Port Gamble S’Klallam transfers juvenile coho to Port Gamble Bay net pens

A juvenile coho plunges into the Port Gamble net pens. Click on the picture for more photos.

A quarter million juvenile coho salmon took a quarter-mile ride through a 4-inch pipe when the Port Gamble S’Klallam Tribe recently transferred the young fish from shore to the tribe’s floating net pens in Port Gamble Bay.

The fish came from the Washington Department Fish and Wildlife’s George Adams Hatchery near Shelton. Arriving in a tanker truck, the fish first were transferred into a 2,300-gallon fiberglass holding tank, then flushed through the pipe into the net pens.

This is the second year the fish have been transported via the pipeline. For decades prior, a barge was brought to the town of Port Gamble, where the fish would be piped from the tanker truck to a tank on the barge, which was then towed to the net pens by a seine boat. The fish then would be offloaded into the pens.

“Using the pipe system means less handling of the fish and less stress on them as well,” said Paul McCollum, the tribe’s natural resources director.

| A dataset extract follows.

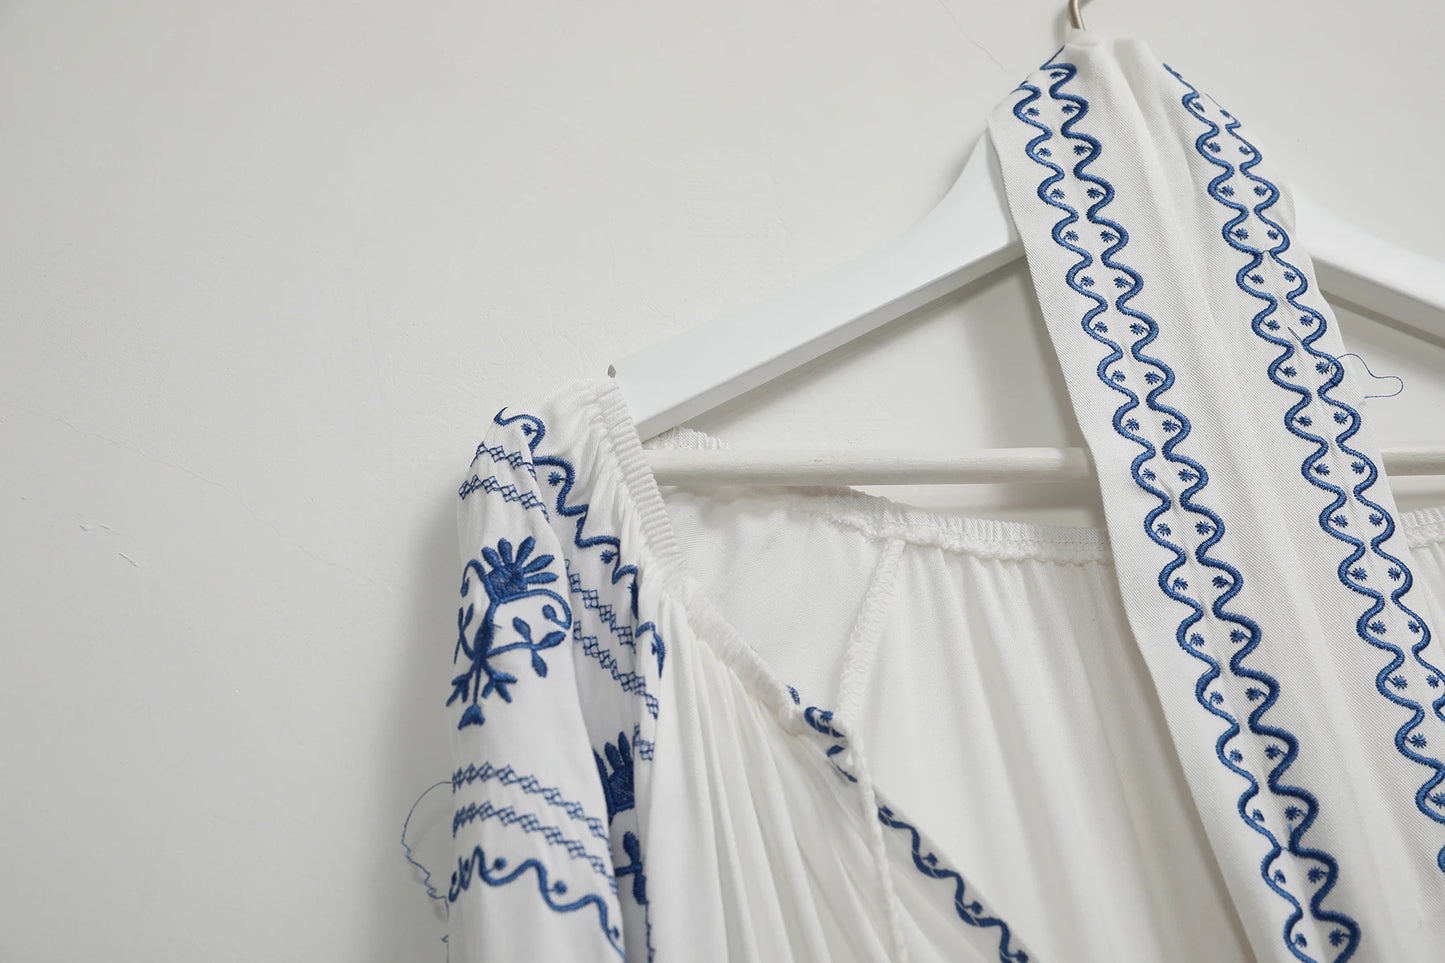 Women's Vintage Boho Beach Hippie Long Sleeve Embroidery Loose Maxi Dress

McCollum brought this method with him from Alaska where he previously worked.

While the tribe typically receives approximately 400,000 fish from the state, cold water disease at George Adams Hatchery killed thousands of the fish this year, McCollum said.

The fish will be reared in the pens until June, when they will be released. Coho average three years in age, with the first half of their lives in freshwater. The fish then spend 18 months at sea before returning to freshwater again as adults to spawn.

The fish are harvested by both tribal and non-tribal fishermen. Most of the fish have a tiny coded-wire tag in their snout to identify their origin and date of release, providing fisheries managers with important migration, survival and other data needed for fisheries management.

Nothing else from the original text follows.